Not A Task, But An Approach 11
Transitions are tough. It seems that lately I’ve been getting a lot of contact from frustrated people who don’t really have a good handle on the “drive” part of Test Driven Development. A question heard frequently is: “I’ve almost completed the coding, can you help me write the TDD?”
It seems like Test Driven Development is taken backward, that the developers are driven to write tests. The practitioner winces, realizing that he again faces The Great Misunderstanding of TDD.
TDD stands for Test-Driven Development, which is not as clear as TFD (Test-First Development). If the consultant would strive to always say the word “first” in association with testing, most people would more surely grasp the idea. In fact, I’ve begun an experiment in which I will not say the word “test” without the word “first” in close approximation. I’ll let you know how that works out for me.

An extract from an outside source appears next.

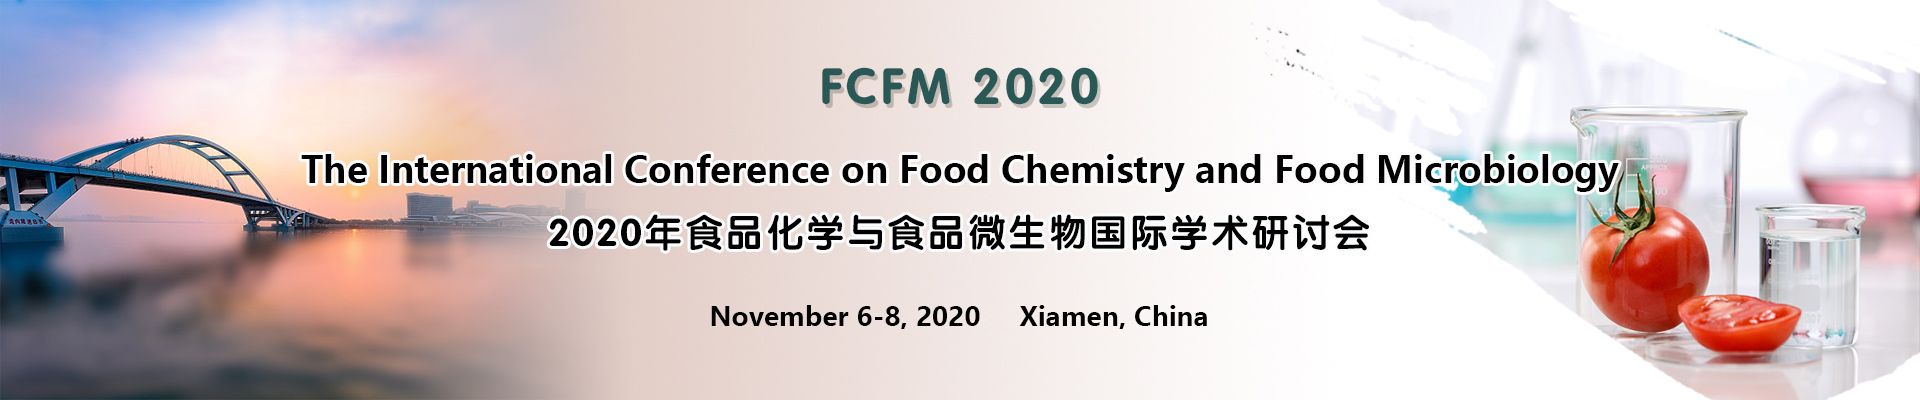 International Conference on Food Chemistry and Food Microbiology (FCFM 2020), Xiamen, Fujian, China

If the tests are providing nothing more than reassurance on the tail end of a coding phase, then the tests aren’t driving the development. They are like riders instead of drivers. Test-Ridden Development (TRD)[1] would be a better term for such a plan. Even though it is better to have those tail-end tests than to have no automated testing, it misses the point and could not be reasonably be called TDD.

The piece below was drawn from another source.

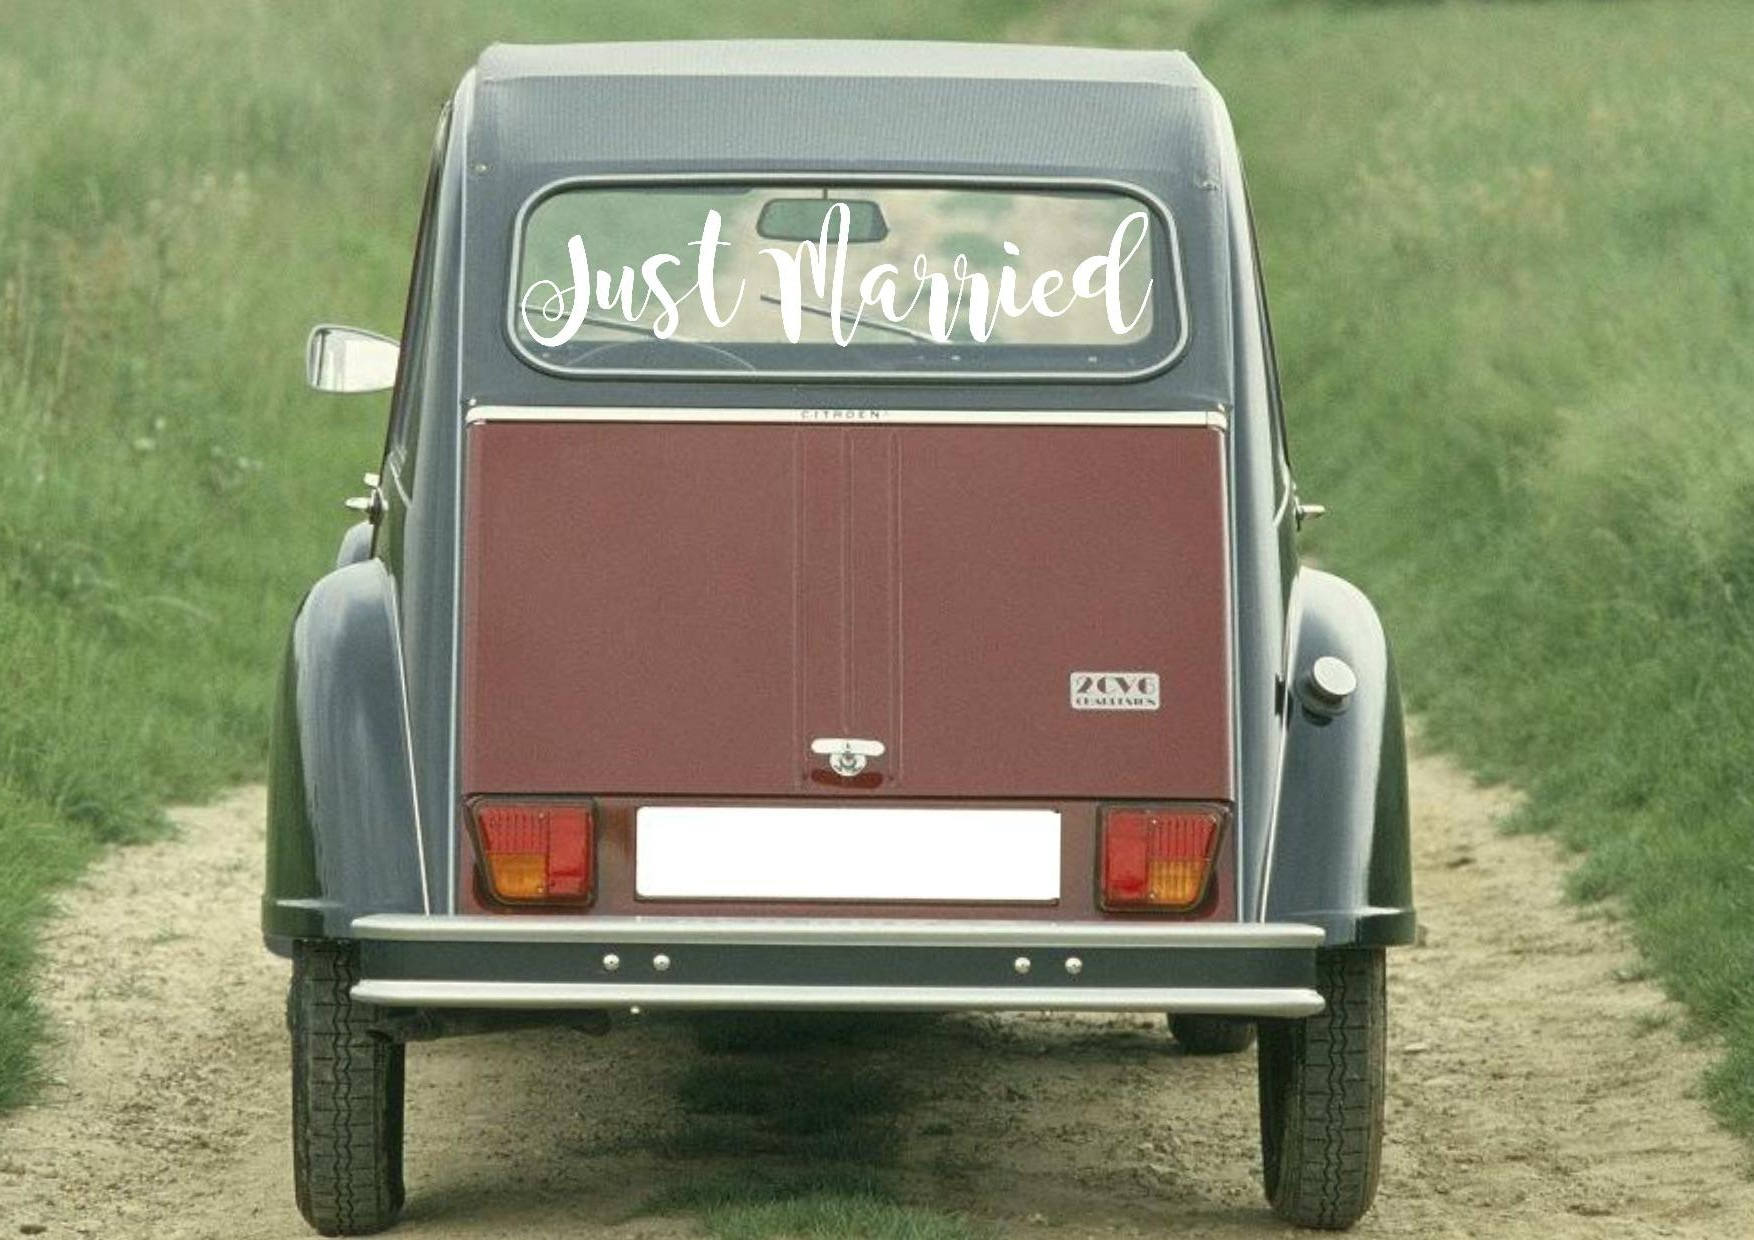 stickers just married personnalisés

An old mantra for TDD and BDD is “it’s not about testing”. The term BDD was invented largely to get the idea of “testing” out of the way. People tend to associate “test” as a release-preparation activity rather than an active approach to programming. BDD alleviates some of that cognitive dissonance.
In TDD, tests come first. Each unit test is written as it is needed by the programmer. Tests are just-in-time and are active in shaping the code. Acceptance Tests likewise tend to precede programming by some short span of time. [2]

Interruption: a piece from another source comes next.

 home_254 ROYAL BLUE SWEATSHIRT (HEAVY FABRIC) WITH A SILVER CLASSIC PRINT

Through months of repetition I have developed the mantra:TDD isn’t a task. It is not something you do. It is an approach. It is how you write your programs.
I wonder if we shouldn’t resurrect the term Test-First Programming or Test-First Development for simple evocative power. Admittedly there are some who would see that as a phase ordering, but maybe enough people would get the right idea.
Brett Schuchert(with some trivial aid from your humble blogger) has worked up an acronym to help socialize the basic concepts which are somehow being lost in translation to the corporate workplace.
The teaser: Fast, Isolated, Repeatable, Self-validating, and Timely.
As a reader of this blog, you are probably very familiar with all of the terminology and concepts behind TDD. I beg of you, socialize the idea that testing comes first and drives the shape of the code. If we can just get this one simple idea spread into programming dens across our small spheres of influence, then we will have won a very great victory over Test-Ridden Development.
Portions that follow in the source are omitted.